Dead silence. Jasper sits back in his chair, and I can tell I’ve surprised him.

“It was sloppiness, really. I genuinely don’t believe he would have done anything malicious, but he was always careless when things didn’t interest or benefit him. Two men died because of his actions, and he was serving his time in a military prison when the strikes happened.”

“You left him while he was in prison?” Sitting forward again smoothly, he moves his other castle to D1.

That was a hard time. I’d buried myself in work and tried to ignore the whispers of my coworkers. People took dishonorable discharges seriously.

They were a serious matter.

I smile ruefully. “I tried. Turns out, dishonorable discharges are expensive. His lawyers were expensive. Divorce is expensive. It took time. I was trying to get that sorted when everything happened.”

His elbows on his knees, Jasper regards me with unnerving intensity. Needing to escape the attention, I shift my queen to E6

to put pressure on his queen. I think I’ve lost this game. Playing against Jasper, I’m not sure I had a chance to begin with.

“Do I remind you of him?” he asks seriously. “Is that why you’ve been avoiding me?”

His bishop takes my knight at D7 in a severe, clipped motion. He’s right next to my king.

“Check.”

I suck in a breath, but I’m not looking at the board. “No. No, Jasper, you don’t. Not— Not really. It’s just the wealth and I — I just feel like I’m saying the wrong thing all the time.”

Rather than looking hurt or offended, as I feared, he seems to consider that. “Because you don’t know the rules?”

I take my knight to D7, taking his bishop, for all the good it would do. This game is hopeless. I was lost before I began.

“Because I hate the rules.” The words burst from me like a geyser.

Oh.

My hand flies to my mouth, mortified. “I’m sorr—”

“We’ve spoken already today about that word, Eden,” Jasper says calmly. He moves his queen to B8, and I’m in check again. He examines my face. “The rules . . . ”

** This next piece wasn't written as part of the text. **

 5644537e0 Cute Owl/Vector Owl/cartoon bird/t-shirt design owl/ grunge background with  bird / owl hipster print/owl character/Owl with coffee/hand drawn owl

I wrap my arms around my stomach, sitting back . . . but as I do, Jasper leans forward in his chair, chasing me.

“What is it you want from us, Eden?” he asks, so so gently.

I move to stand. “I need some water, I—”

“Come here.”

My pulse thunders . . . but I can’t escape the gravity of his gaze.

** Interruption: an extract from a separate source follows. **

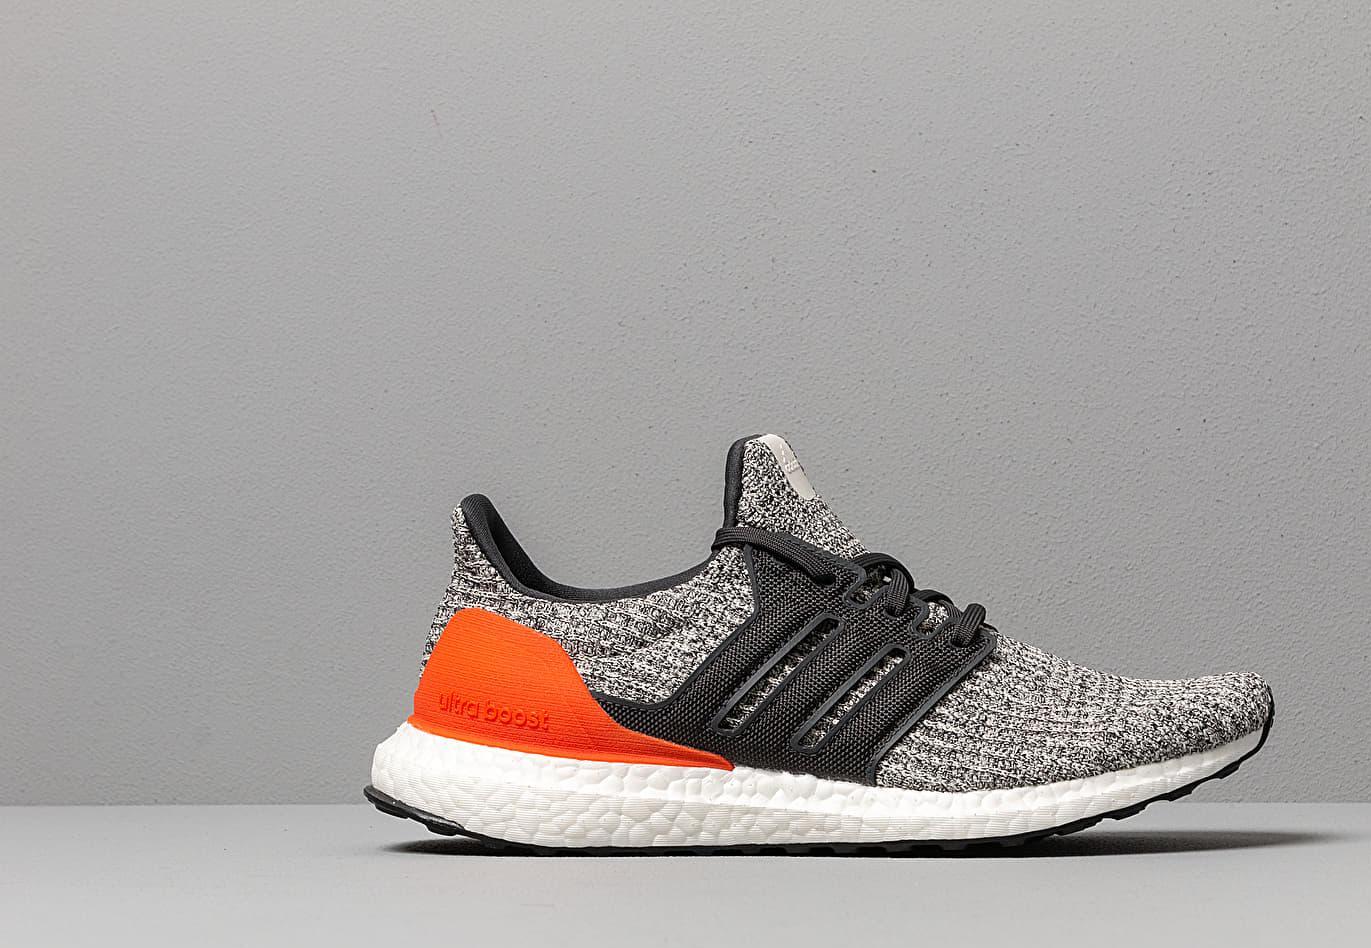 afe4e8229 Adidas Originals - Adidas Ultraboost Raw White  Carbon  Active Orange for  Men - Lyst. View fullscreen

“Here?” I breathe, even as I step into him. Did I think he was darkness before? In the soft lights of the room, he shines like a star.

When I stand before him, he takes my damp palms in his, and dizziness swirls my brains. He doesn’t say anything, but I sink to my knees. I couldn’t say why, exactly. I’m sure there are thoughts floating somewhere in the mists of my mind. But curling up between his legs feels like breathing, like nature, like the home he tempted me with so sweetly when I first arrived.